Set up your Ubuntu host with a python venv in which we will run our exporter:
mkdir prometheus-exporter
cd prometheus-exporter
apt update
apt install python3
apt install pip
pip install virtualenv
apt install python3.10-venv
python3 -m venv venv
source venv/bin/activate
pip install prometheus_client requests
Using vim the editor of your choice, create the script as below:
from prometheus_client import start_http_server, Gauge
import requests
import time
import json
headers = {
"Authorization": "<YOUR BASIC AUTH HERE>",
"accept": "application/json",
"Content-Type": "application/json"
}
url = "https://fwd.app/api/nqe?networkId=<YOUR NETWORK ID HERE>"
# Turn a python string into JSON
payload = json.dumps({
"queryId": "<YOUR QUERY ID HERE>"
})
# Create Prometheus Gauge metrics for each value
critical_gauge = Gauge('critical_value', 'Value fetched from REST API')
high_gauge = Gauge('high_value', 'Value fetched from REST API')
medium_gauge = Gauge('medium_value', 'Value fetched from REST API')
low_gauge = Gauge('low_value', 'Value fetched from REST API')
def fetch_and_update():
try:
# Use requests to send a POST to the URL with the payload
response = requests.post(url, headers=headers, data=payload)
response.raise_for_status()
data = response.json()
# Extract the values you want as integers
criticalValue = int(data['items'][0]['critical'])
highValue = int(data['items'][0]['high'])
mediumValue = int(data['items'][0]['medium'])

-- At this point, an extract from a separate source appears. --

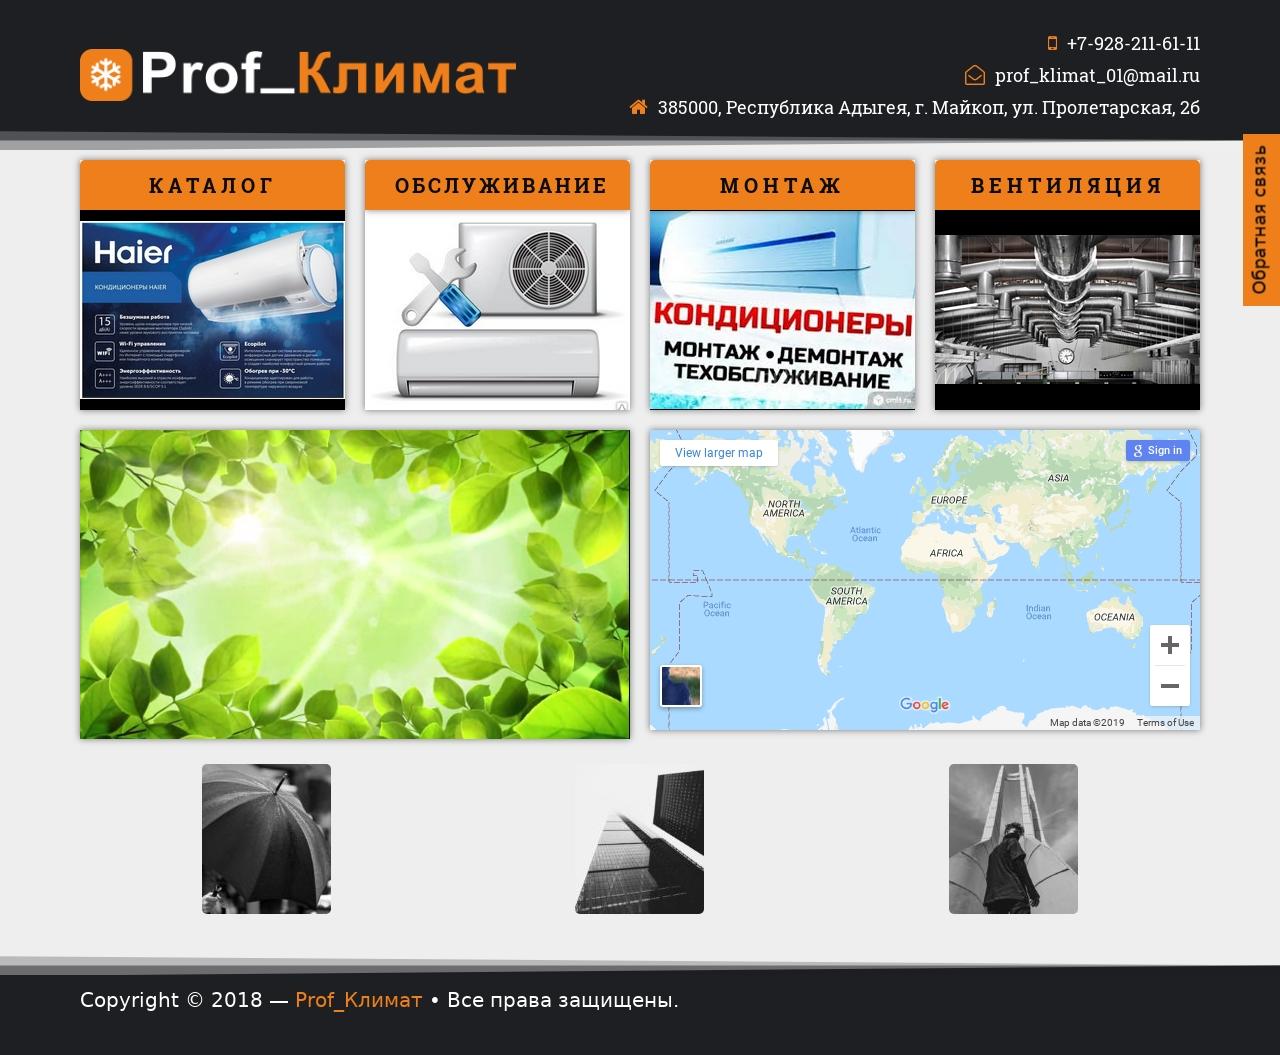 Prof_Климат

lowValue = int(data['items'][0]['low'])
# Update Prometheus metrics
critical_gauge.set(criticalValue)
high_gauge.set(highValue)
medium_gauge.set(mediumValue)
low_gauge.set(lowValue)
print(criticalValue, highValue, mediumValue, lowValue)
except Exception as e:
print(f"Error fetching or parsing API response: {e}")

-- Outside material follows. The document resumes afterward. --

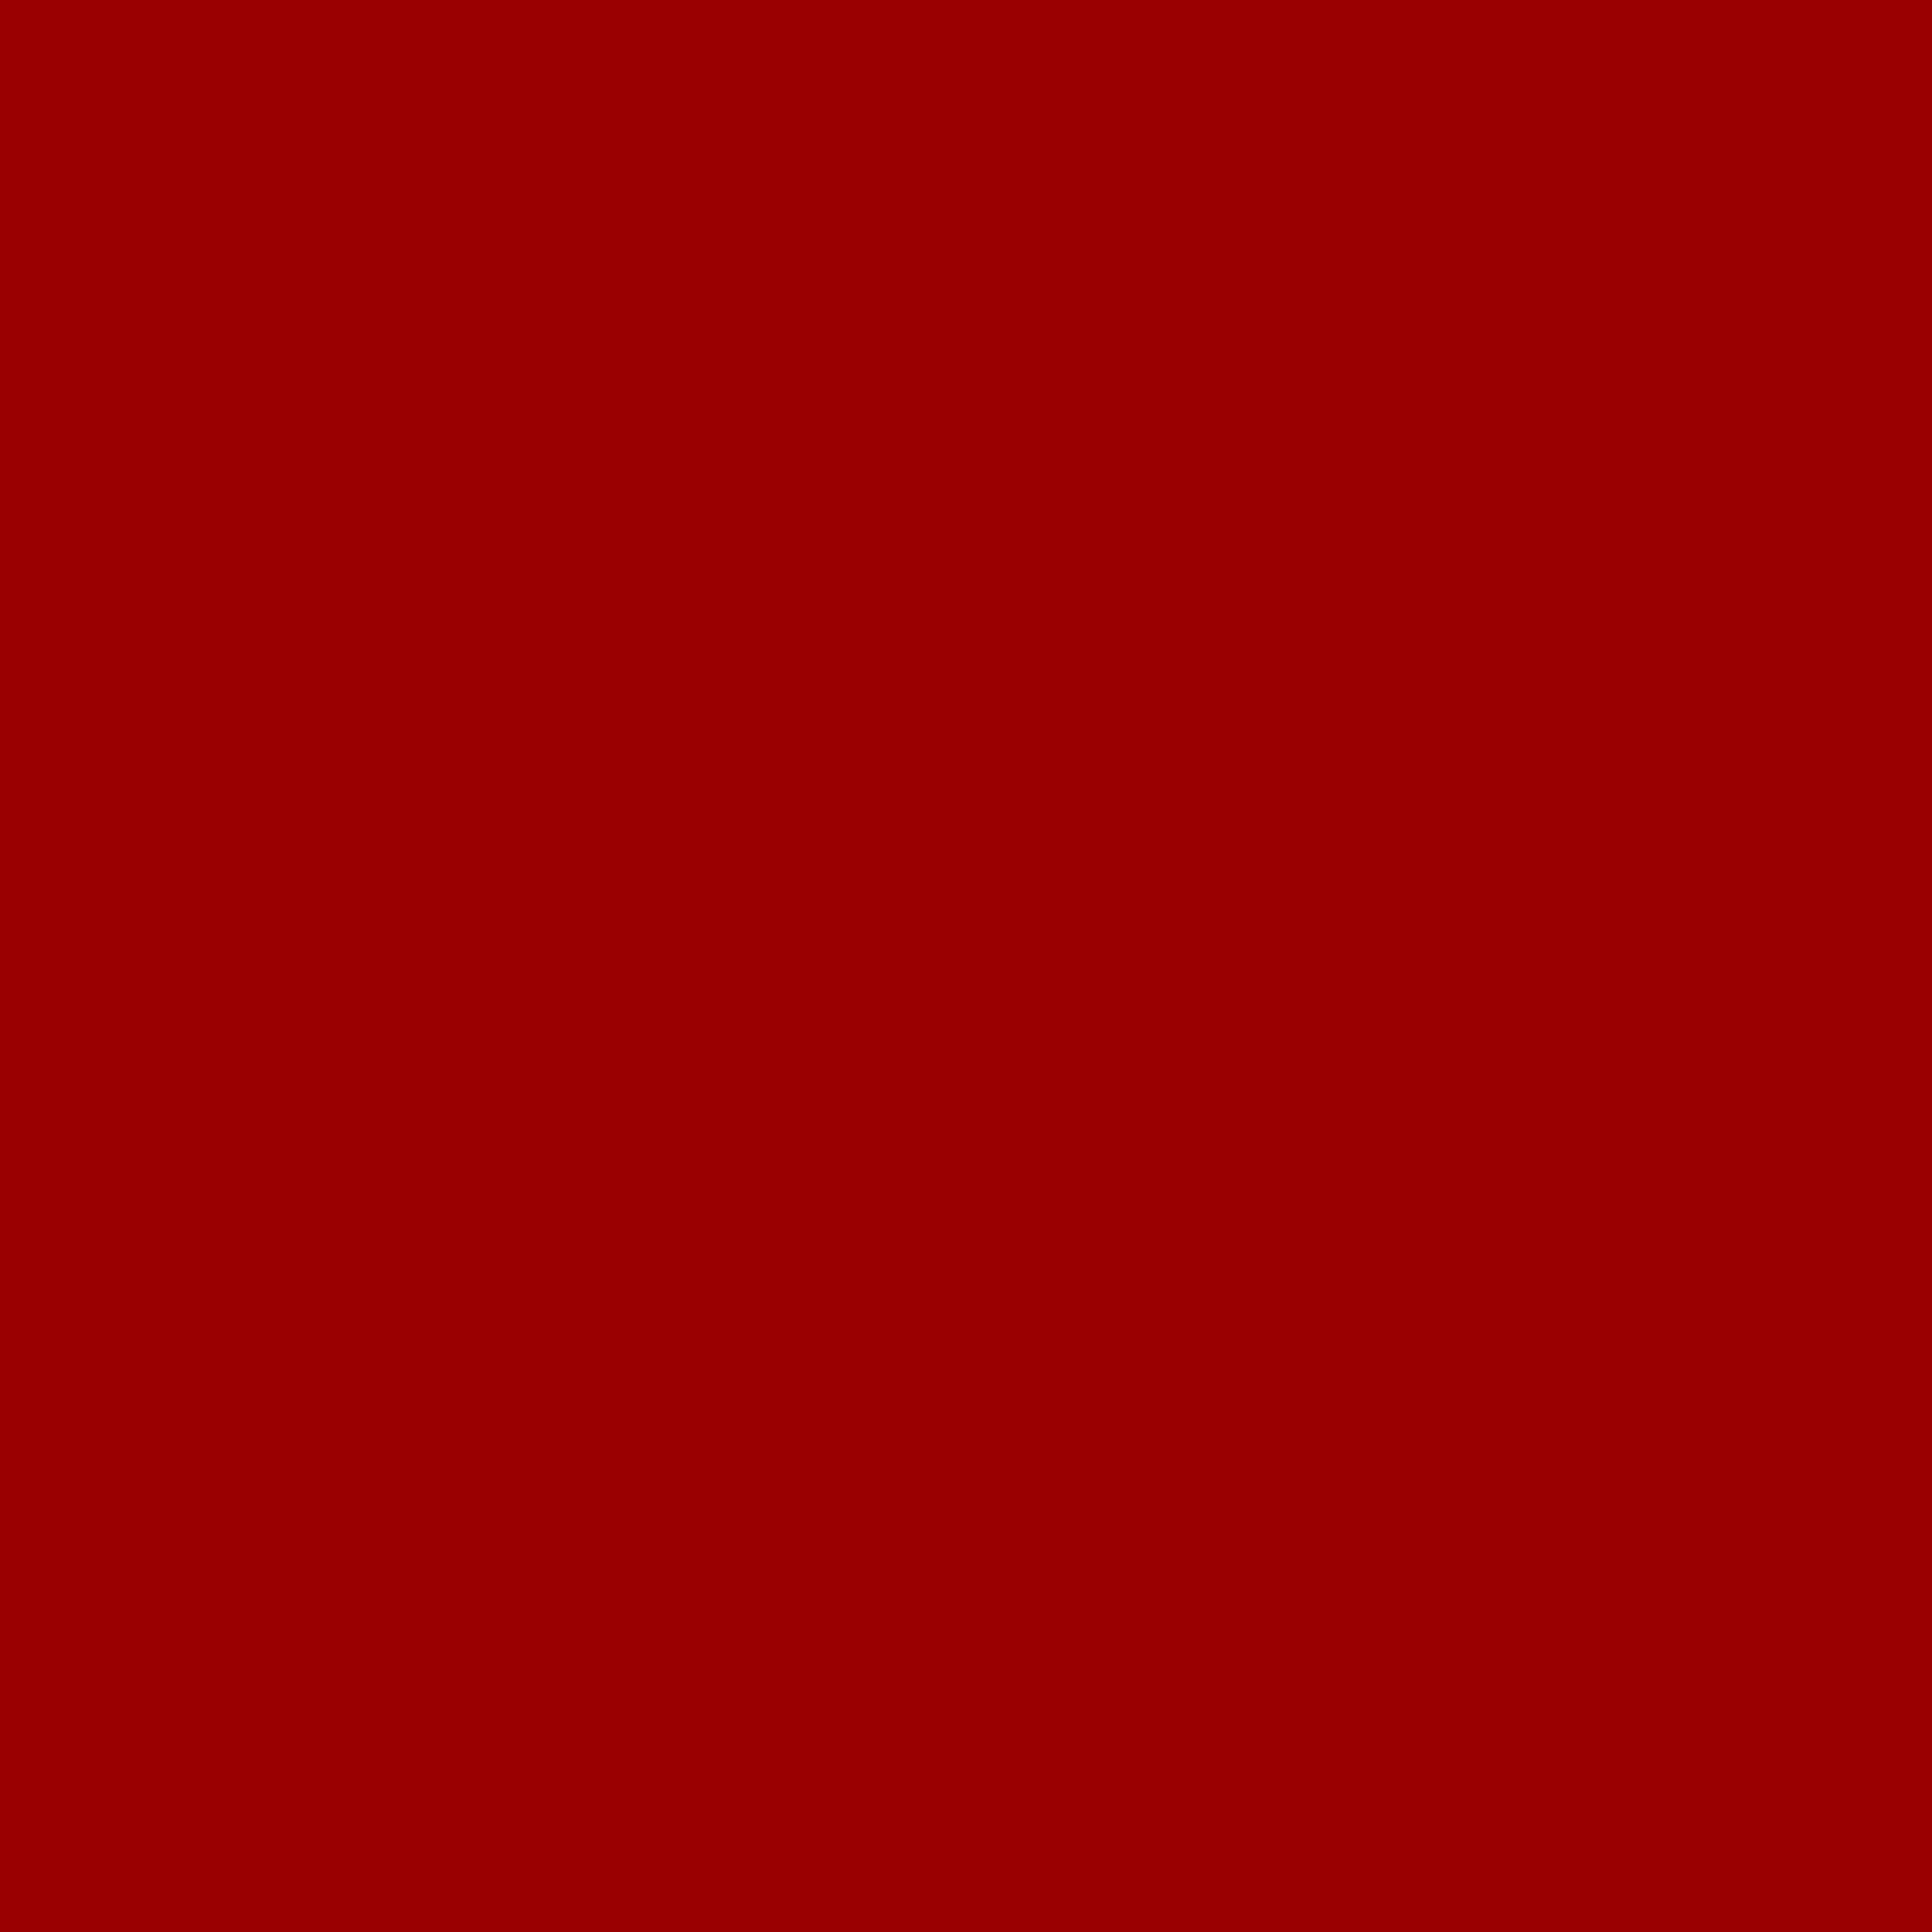 3600x3600 Stizza Solid Color Background

if __name__ == '__main__':
# Start the HTTP server to expose metrics to Prometheus
start_http_server(8000)
print("Exporter running on port 8000...")
# Poll the API every 30 seconds
while True:
fetch_and_update()
time.sleep(30)
When you run the script you should see a message to say it is running, and every 30 seconds a set of statistics will appear:

Make the Grafana Dashboard
Go back to Grafana again and this time we will make a dashboard to show those metrics on a chart.

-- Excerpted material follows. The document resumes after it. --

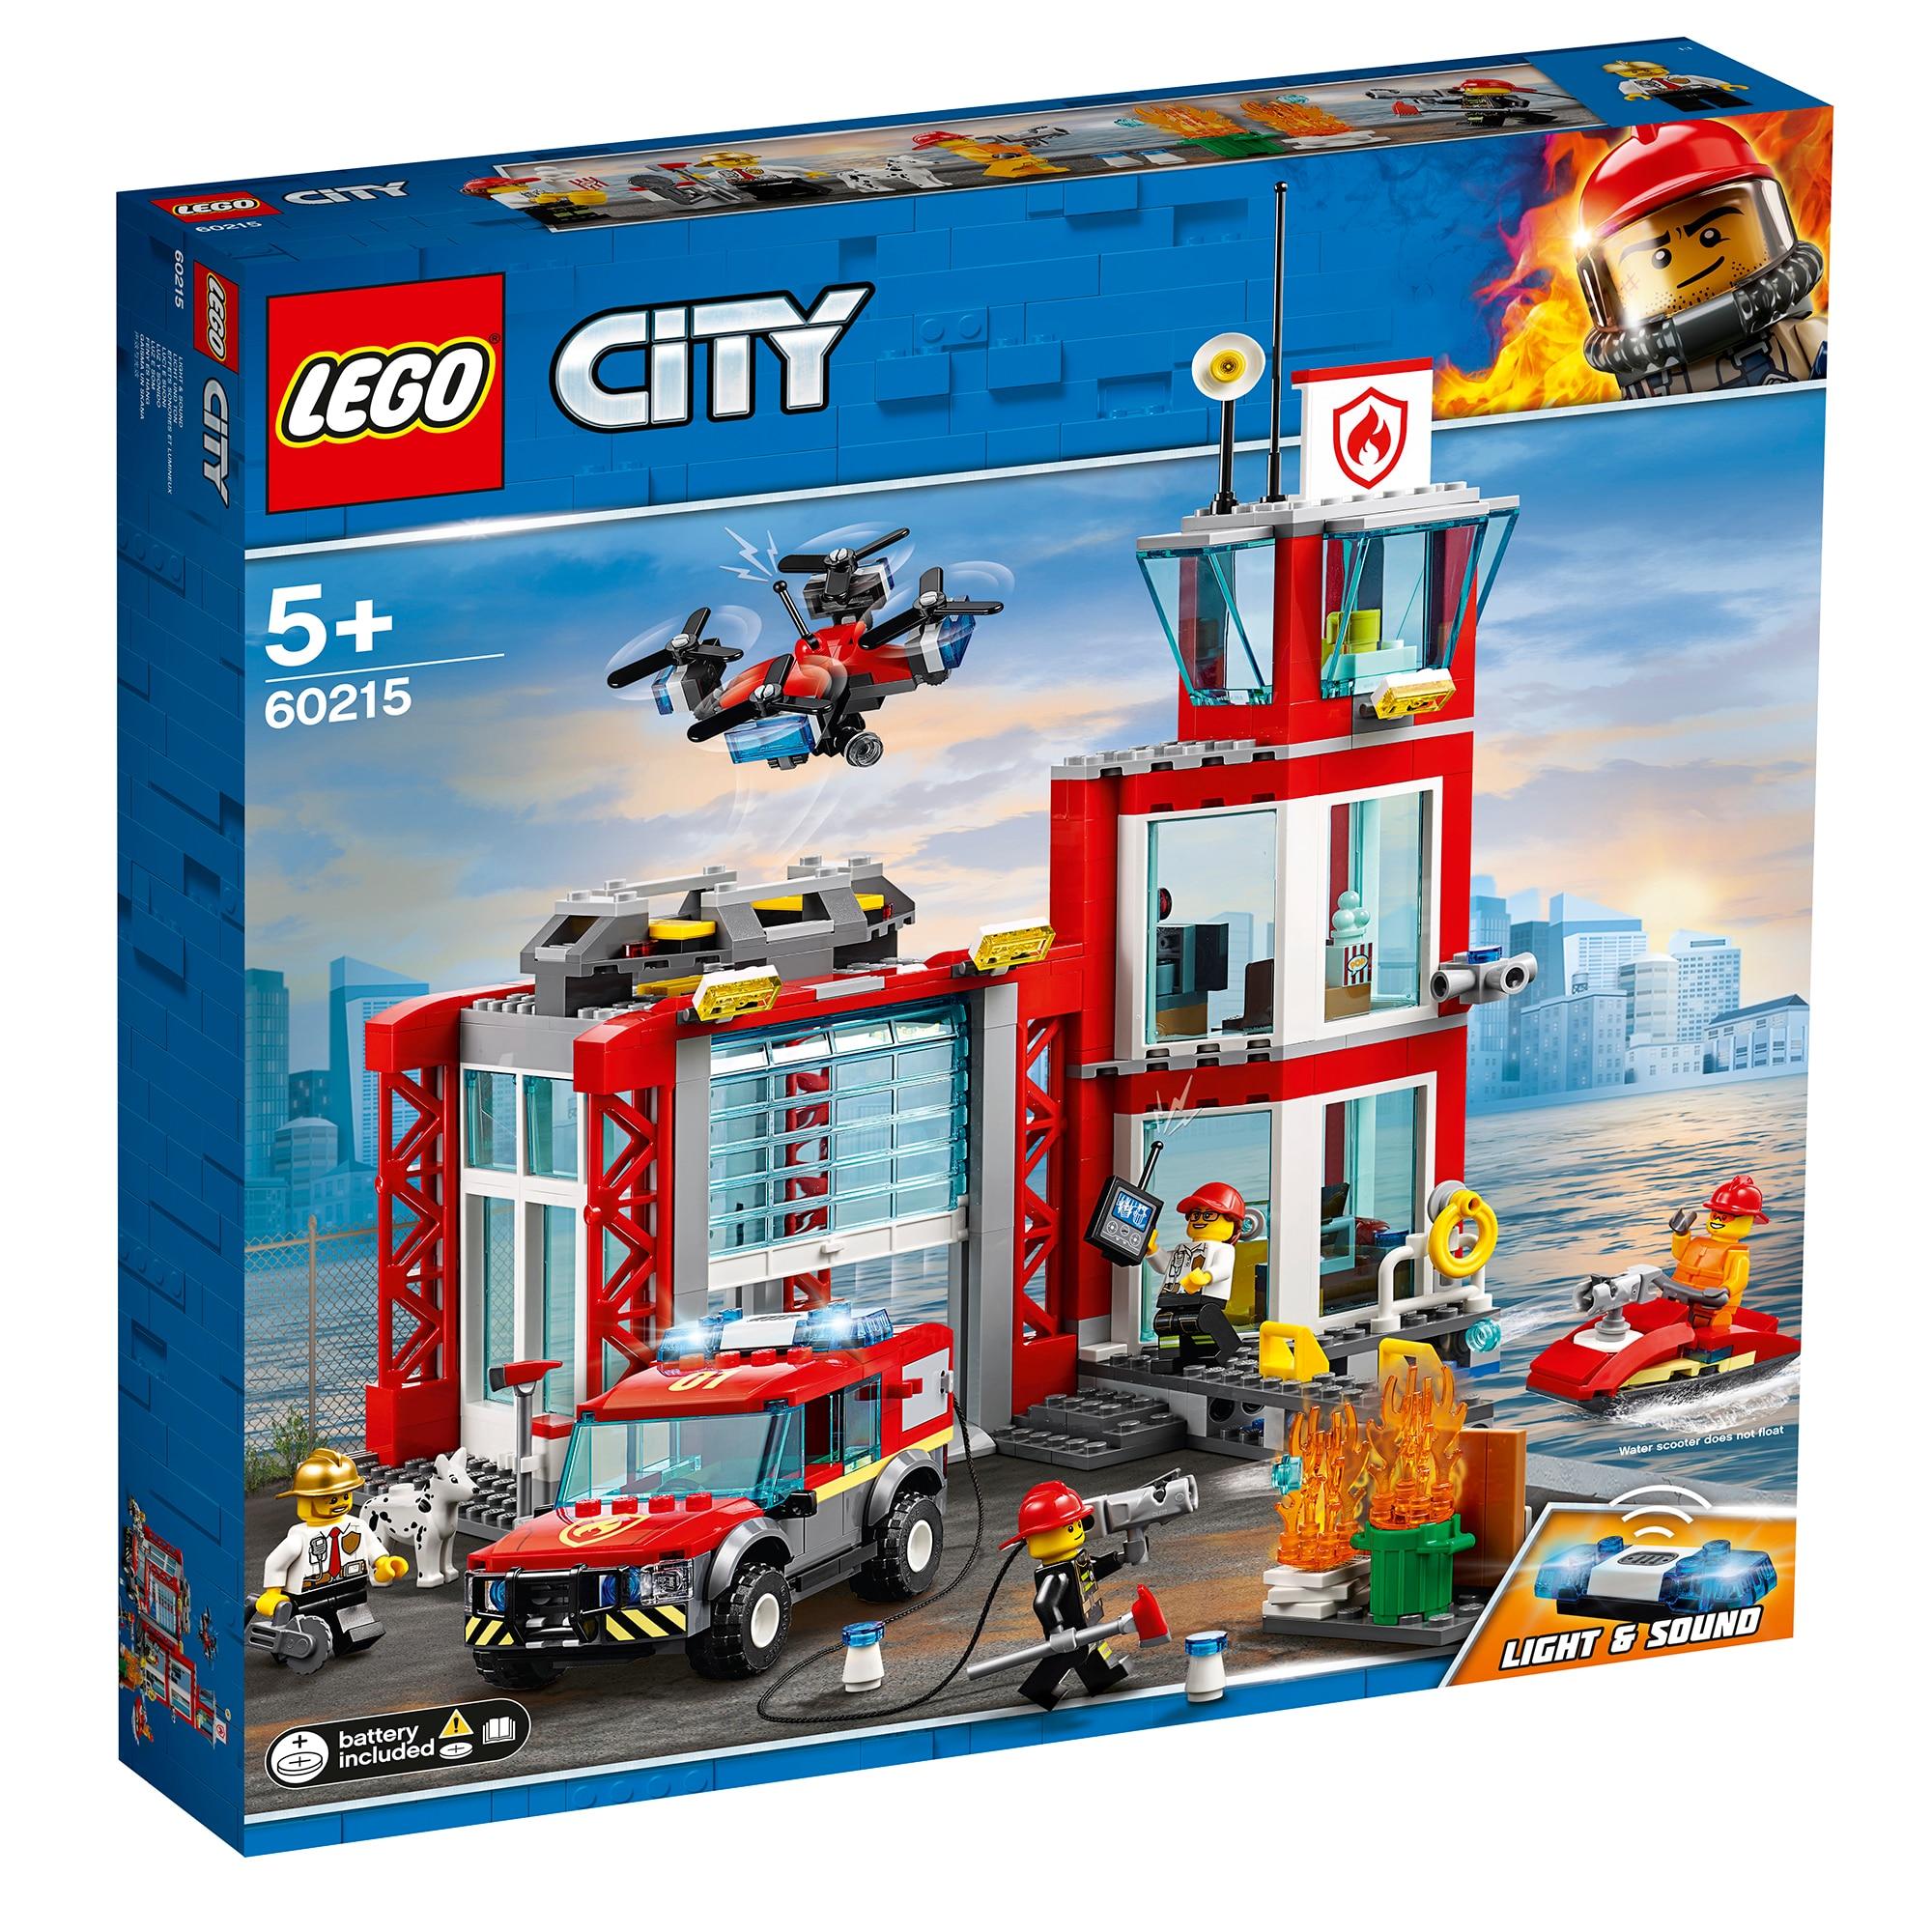 Fotografie LEGO City Fire - Statie de pompieri 60215, 508 piese

Add a new dashboard and add a visualisation into it. Initially you will have no data, but there will be a query called A at the bottom of the screen. Search for the critical_value
metric, and choose the exporter
job. Click to run the query and you should see some data:

Add another query at the bottom, this time selecting high_value
. Repeat for medium and low.
At this point you should have four lines on the graph. To make this more than just a flat line, I switched off a few devices in my lab, ran a collection, then switched them back on - as you can see, the counters changed as I did so:

Summary
While the Forward dashboard doesn’t allow you to graph CVEs over time, using the API is a great way to extract this information. Many organisations already have Grafana as an observability tool so, so integrating Forward data into that makes a lot of sense.